Under the RCA, courts may "blue pencil" agreements (i.e., modify overly broad contract provisions to render them enforceable); courts may evaluate non-compete and non-solicitation agreements separately and enforce one without regard to the enforceability of the other; and "confidential information" is defined in such a way to enhance the enforceability if non-disclosure provisions.

The RCA also includes provisions that favor employees, such as the following: (a) lower level employees could be exempt from particular provisions of the new law if they do not have certain skills, abilities, customer contacts or confidential information; (b) an employee can demand clarification of a restrictive covenant, and the employer must respond within 30 days, which can be used against the employer in court; and (c) a failure by the employer to respond to such a demand can be considered by the court.

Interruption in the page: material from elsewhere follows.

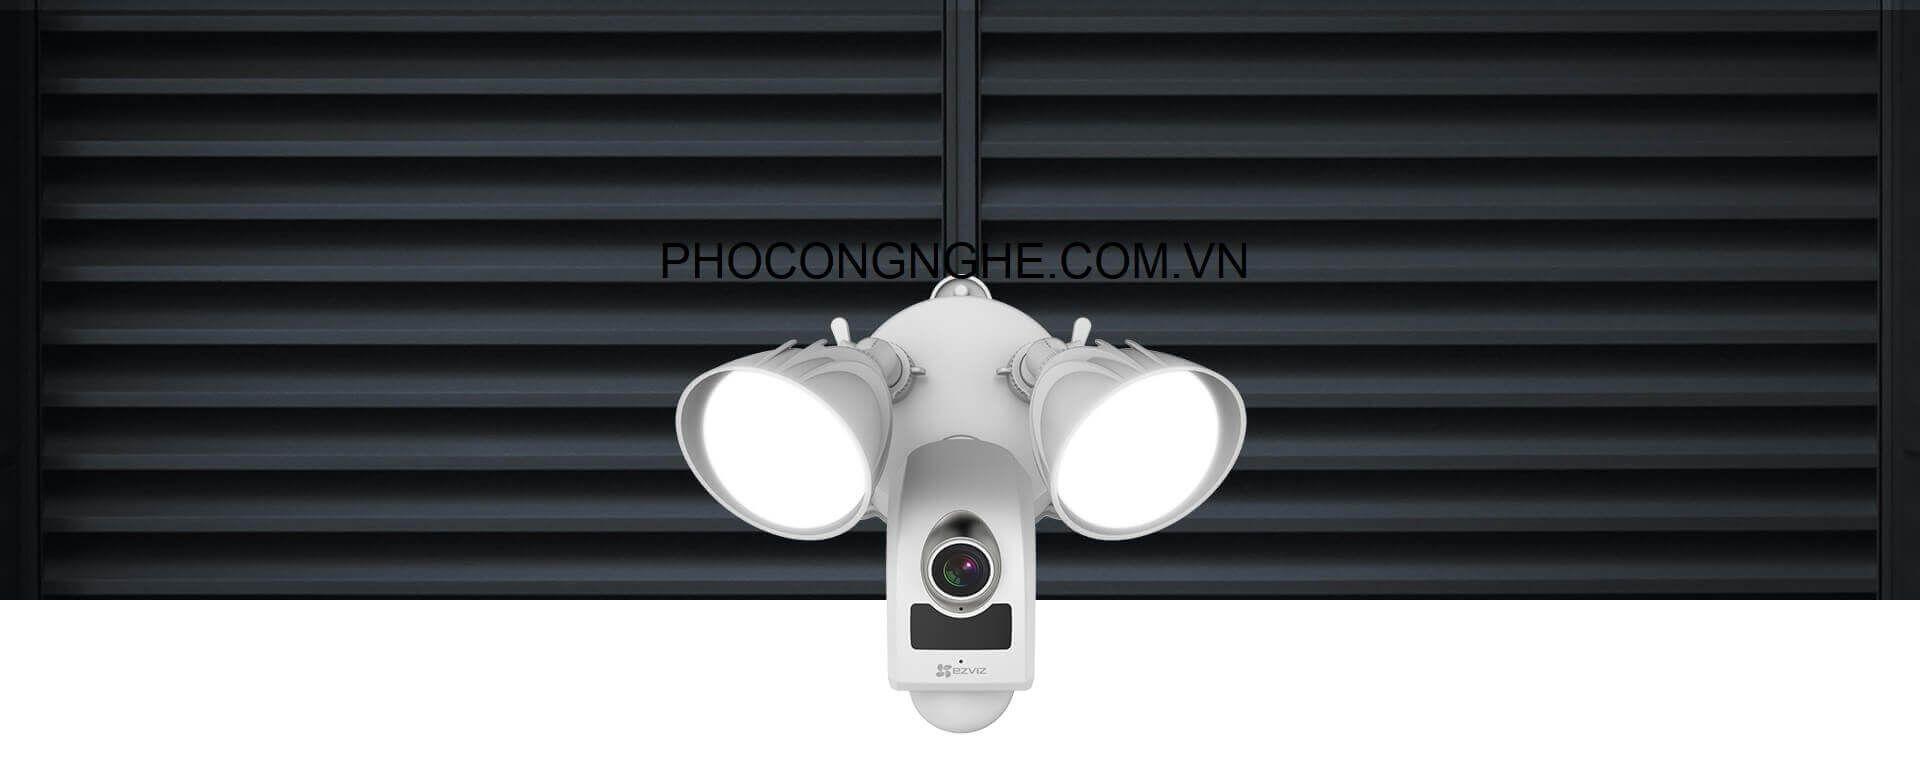 Camera wifi ngoài trời Ezviz CS-LC1-A0-1B2WPFRL tích hợp đèn chiếu sáng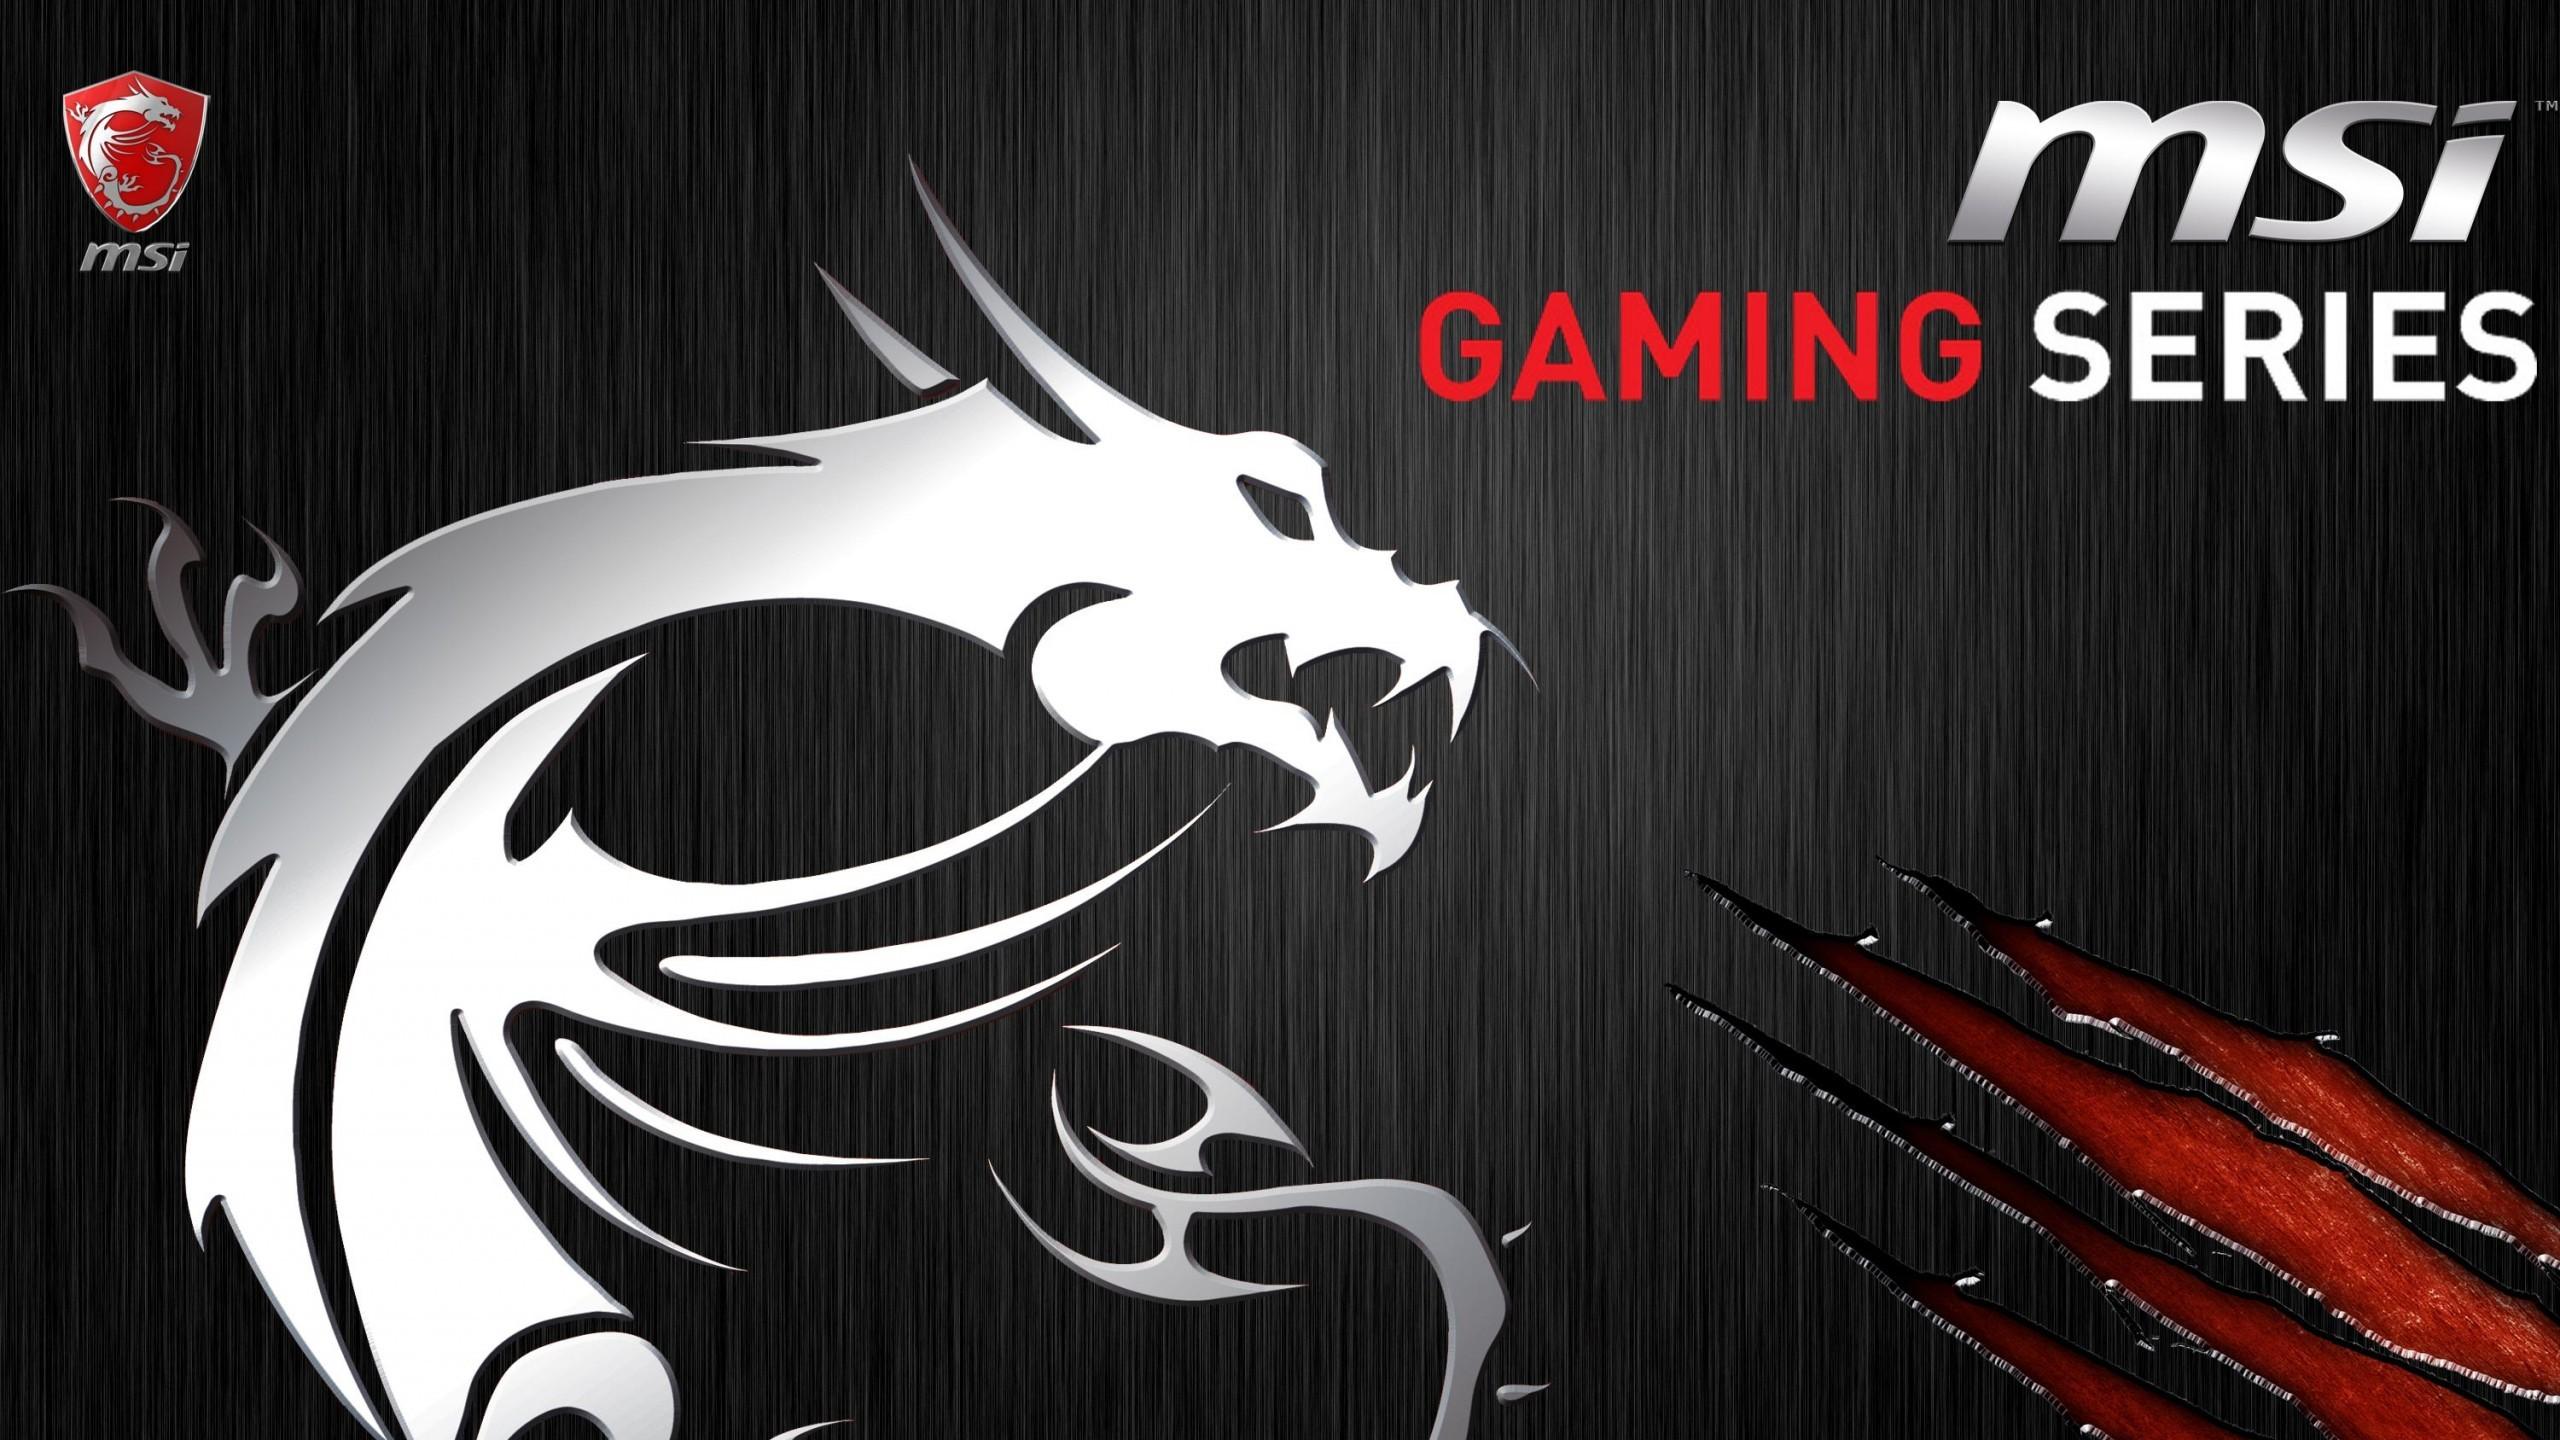 Msi gaming Wallpaper – 2560×1440

Factors a trial court will typically consider relevant in evaluating whether a non-compete provision is enforceable are: (a) whether the provision is essential to protect legitimate business interests; (b) whether the restriction is reasonably limited in duration and geographic scope; (c) whether the provision is overly oppressive in how it prevents the former employee from plying his trade; and (d) whether enforcement would violate a public policy.

Non-solicitation agreements

The purpose of a non-solicitation agreement is to restrict employees from soliciting an employer's clients or employees. The classic situation that a non-solicitation agreement (and non-compete agreement) is intended to prevent is a key employee is introduced to a business idea and methodology, then takes that knowledge (obtained from the employer), the employer's customers and the employer's employees, and competes with the employer. More often, the lines of what is legal competition and what is not are grey and debatable, which enhances the possibility of a dispute. Ensuring that the parameters of a non-solicitation agreement comply with the current law is critical to the agreement's effectiveness in protecting the employer's interest. A common mistake of employers is to simply assume the bare existence of an agreement styled as a "non-solicitation agreement" -- perhaps an old form the employer has for years had all employees routinely sign -- actually protects the employer's proprietary interests. If the agreement's actual wording is non-compliant with current case law and applicable statutory provisions, however, a non-solicitation agreement may be essentially meaningless.

For example, a non-solicitation agreement should distinguish "accepting" versus "soliciting" particular business. Generally speaking, it is a good idea to draft restrictive covenants conservatively, with an eye toward how judges have tended to decide restrictive covenant cases in the past. If particular provisions are not truly needed to protect the business, typically it will be better not to include them.